Info: The admin cluster can't be upgraded to "1.11", because there are still "1.10" user clusters.

This shows us that the Admin and User cluster are still using 1.10.0-gke.194. Now we need to prepare the 1.11 full bundle.

# full bundle already found locally in /var/lib/gke/bundles
# assign appropriate permissions
$ sudo chmod ugo+r /var/lib/gke/bundles/*.tgz

$ gkectl prepare --bundle-path /var/lib/gke/bundles/gke-onprem-vsphere-1.11.0-gke.543-full.tgz --kubeconfig /home/ubuntu/kubeconfig

- Validation Category: Config Check
    - [SUCCESS] Config

- Validation Category: OS Images
    - [FAILURE] Admin cluster OS images exist: os images [gke-on-prem-ubuntu-1.11.0-gke.543] 
don't exist, please run prepare to upload os images.

- Validation Category: Internet Access
    - [SUCCESS] Internet access to required domains

- Validation Category: GCP
    - [SUCCESS] GCP service
    - [SUCCESS] GCP service account

- Validation Category: Container Registry
    - [SUCCESS] Docker registry access

- Validation Category: VCenter
    - [SUCCESS] Credentials
    - [SUCCESS] vCenter Version
    - [SUCCESS] ESXi Version
    - [SUCCESS] Datacenter
    - [SUCCESS] Datastore
    - [SUCCESS] Resource pool
    - [SUCCESS] Folder
    - [SUCCESS] Network

Some validation results were FAILURE or UNKNOWN. Check report above.
Logging in to gcr.io/gke-on-prem-release
Finished preparing the container images.
Using image file: "/tmp/gke-on-prem-bundle-cache/1007121/gke-on-prem-ubuntu-1.11.0-gke.543.ova"
Setting up OS image as a VM template in vSphere...
[07-05-22 14:25:14] Uploading OS image "gke-on-prem-ubuntu-1.11.0-gke.543" to vSphere...OK
Using image file: "/tmp/gke-on-prem-bundle-cache/1007121/gke-on-prem-cos-1.11.0-gke.543.ova"
Setting up OS image as a VM template in vSphere...
[07-05-22 14:30:30] Uploading OS image "gke-on-prem-cos-1.11.0-gke.543" to vSphere...OK
Finished preparing the OS images.
    Applying Bundle CRD YAML...  DONE
    Applying Bundle CRs...  DONE
Applied bundle in the admin cluster.
Successfully prepared the environment.

We are using the full bundle, which contains the large binary images needed for a major upgrades.

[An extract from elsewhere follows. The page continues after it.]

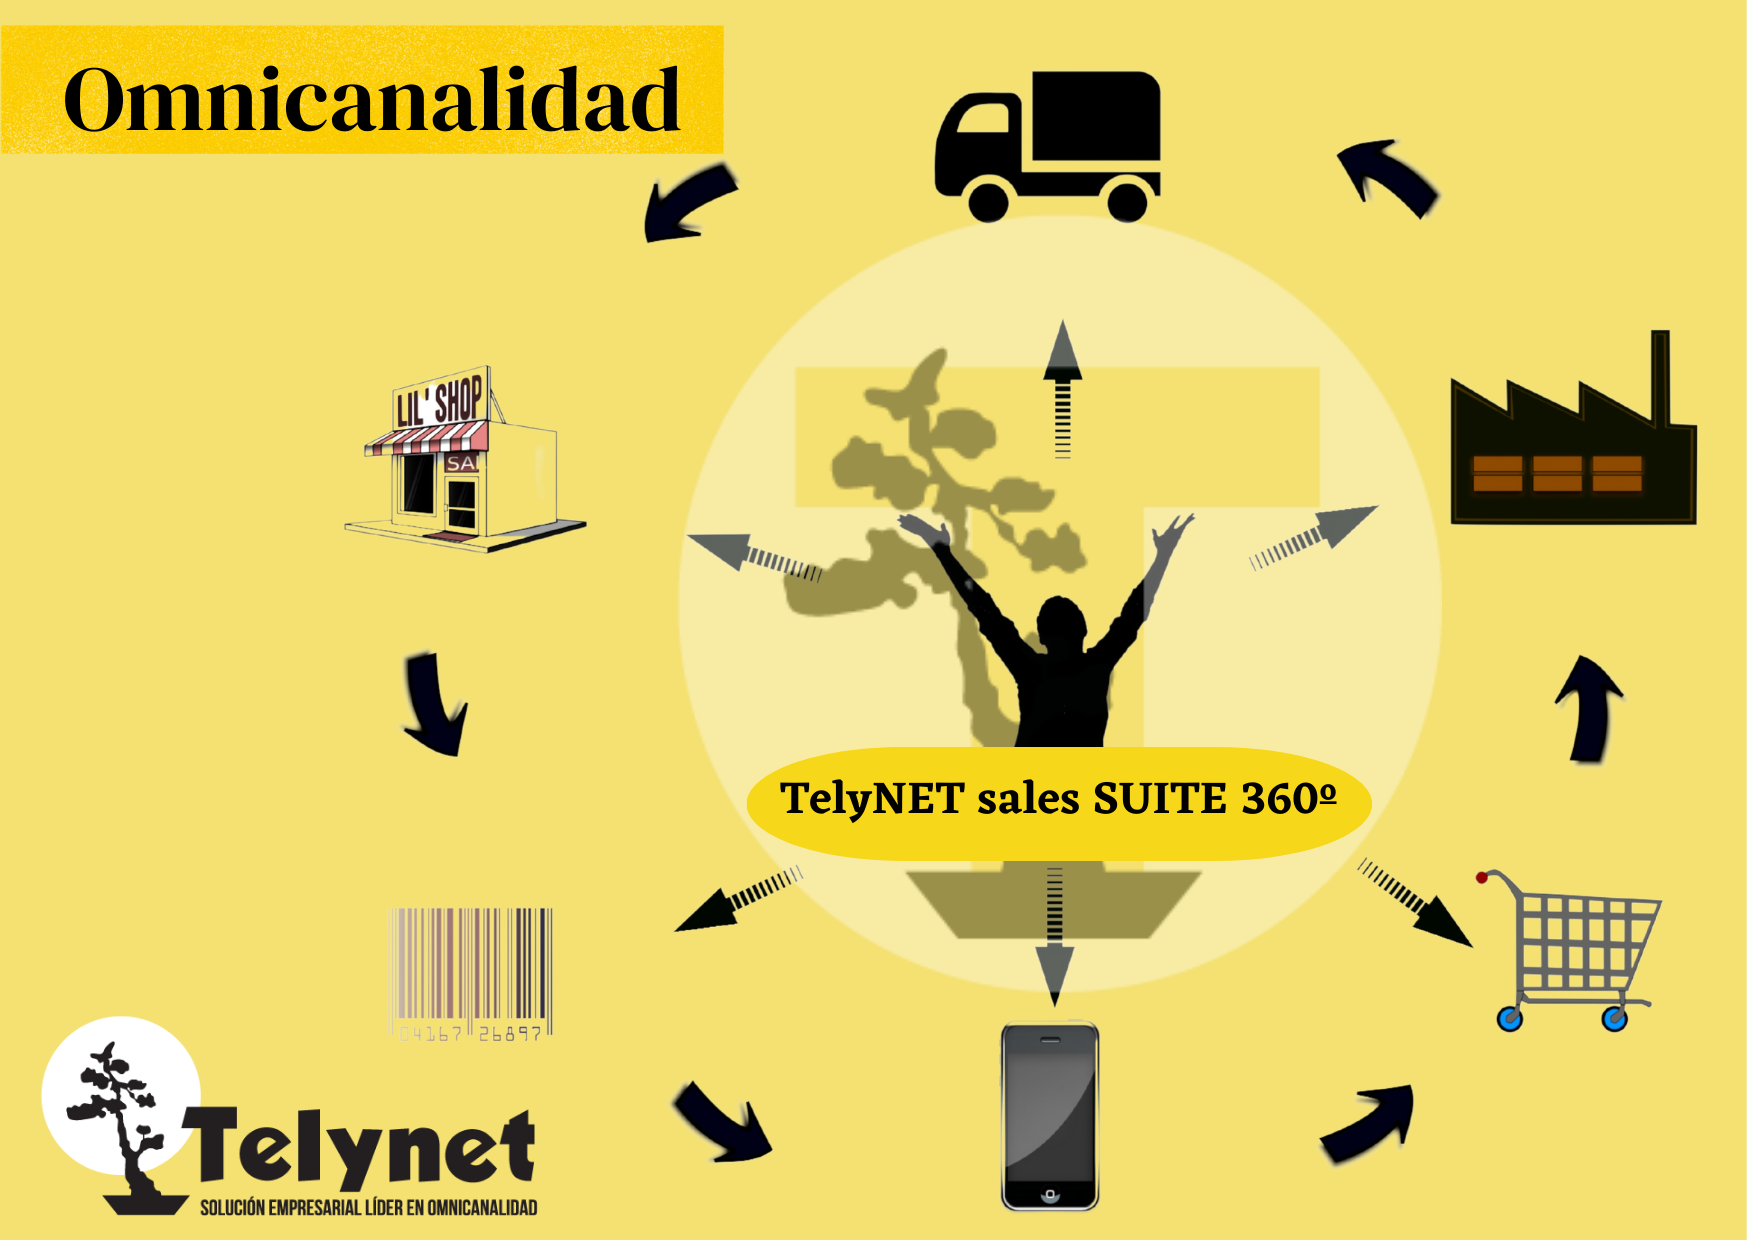 Telynet sales SUITE 360 omnicanalidad (2)

In contrast to minor upgrades, where the image binaries typically do not change and so the regular bundle is all that is needed.

If you use the regular bundle for major upgrades, gkectl will download the full bundle as part of its upgrade processing in later steps. So, for major upgrades you may as well prepare the full bundle now.

Upgrade the User Clusters (from the Admin WS)

Prerequisites

Before upgrading, the cluster must be registered in the Anthos>Clusters of the Cloud Console (https://console.cloud.google.com). Also, there needs to be at least one free IP address from the user-block.yaml to accommodate the serial creation of a new worker node.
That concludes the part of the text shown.